Find romance and ambience at these three Atlanta restaurants

Martina Montalbetti and Kaylee Berrong dine at the Atlas Restaurant at the St. Regis Hotel in Buckhead.

Credit: Jenni Girtman

Credit: Jenni Girtman

Martina Montalbetti and Kaylee Berrong dine at the Atlas Restaurant at the St. Regis Hotel in Buckhead.

While it may not be dead, fine dining has arguably been on life support for a while, giving way to concepts so casual that some critics have complained they can’t even be called restaurants. Whatever your take on the argument, come Valentine’s Day or any special occasion, standing in line for a taco probably isn’t the way to impress that certain special someone.

This story originally appeared in the January 2016 issue of Living Intown magazine.

But never fear. Fine dining has seen a resurgence with new restaurants that not only have tablecloths instead of butcher paper, but also offer the kind of ambiance that elicits descriptions like "romantic" and "sexy" and "sophisticated."

Marcel’s certain je ne sais quoi

Atlanta chef/restaurateur Ford Fry's Marcel, a French-inspired classic American steakhouse, is a sexy, beefy beast that defines the retro-modern style.

With dishes like escargot, table-side Caesar salad, beef Wellington and a porterhouse for two, dinner here can cost you. But the level of the food and service matches the prices, while Marcel's look and feel are seriously romantic.

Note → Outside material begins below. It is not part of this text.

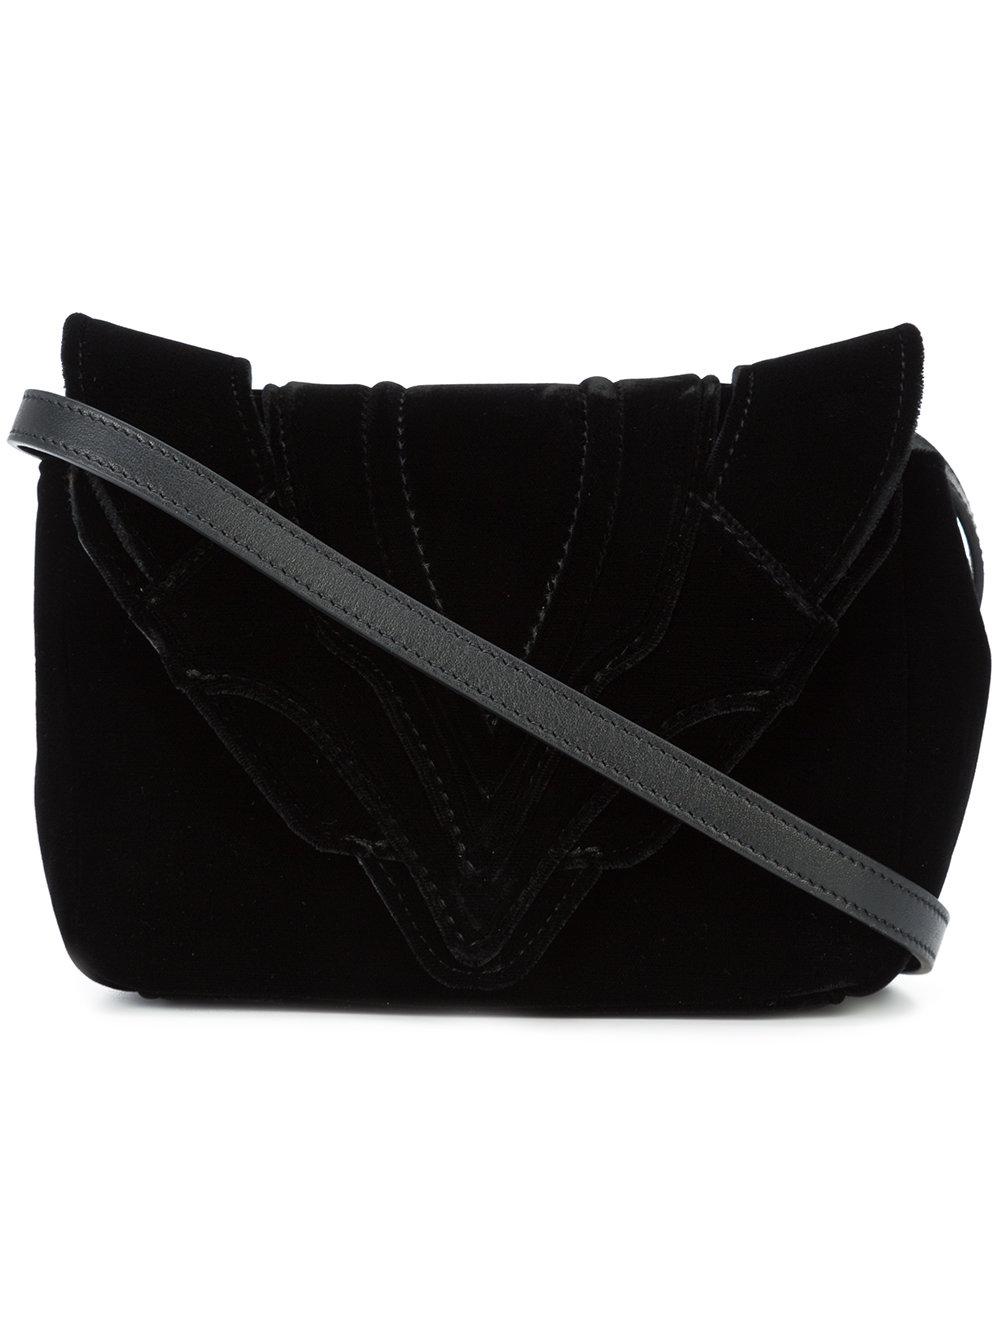 ELENA GHISELLINI bag - $600

Fry's conceit for the design draws from French boxing champion Marcel Cerdon and his scandalous, ultimately tragic affair with chanteuse Edith Piaf. Hauntingly, the voice of "the little sparrow" sometimes wafts from the sound system, alternating with classic jazz music.

Dim lights and dark corners give the plushy dining room a kind of sinfully sub rosa aura. Vintage photos of Cerdon arranged above the bar celebrate the boxer's matches and rugged handsomeness.

"It's dark and it's glowing," Fry says of the scene. "Nowadays, we go for natural light. But natural light isn't necessarily the most romantic thing. I think the banquettes in the bar area are special because you get to sit next to your date. And we have a lot of dishes that are made to share. It's cozy and sexy, like you're tucked away somewhere secret."

1170 Howell Mill Road. 404-665-4555. marcelatl.com

Atlas’ artistic atmosphere

In early 2015, Atlas opened to replace Paces 88 at the luxurious St. Regis Atlanta hotel in Buckhead. The sophisticated (but not stuffy) restaurant features a classic American menu with European influences.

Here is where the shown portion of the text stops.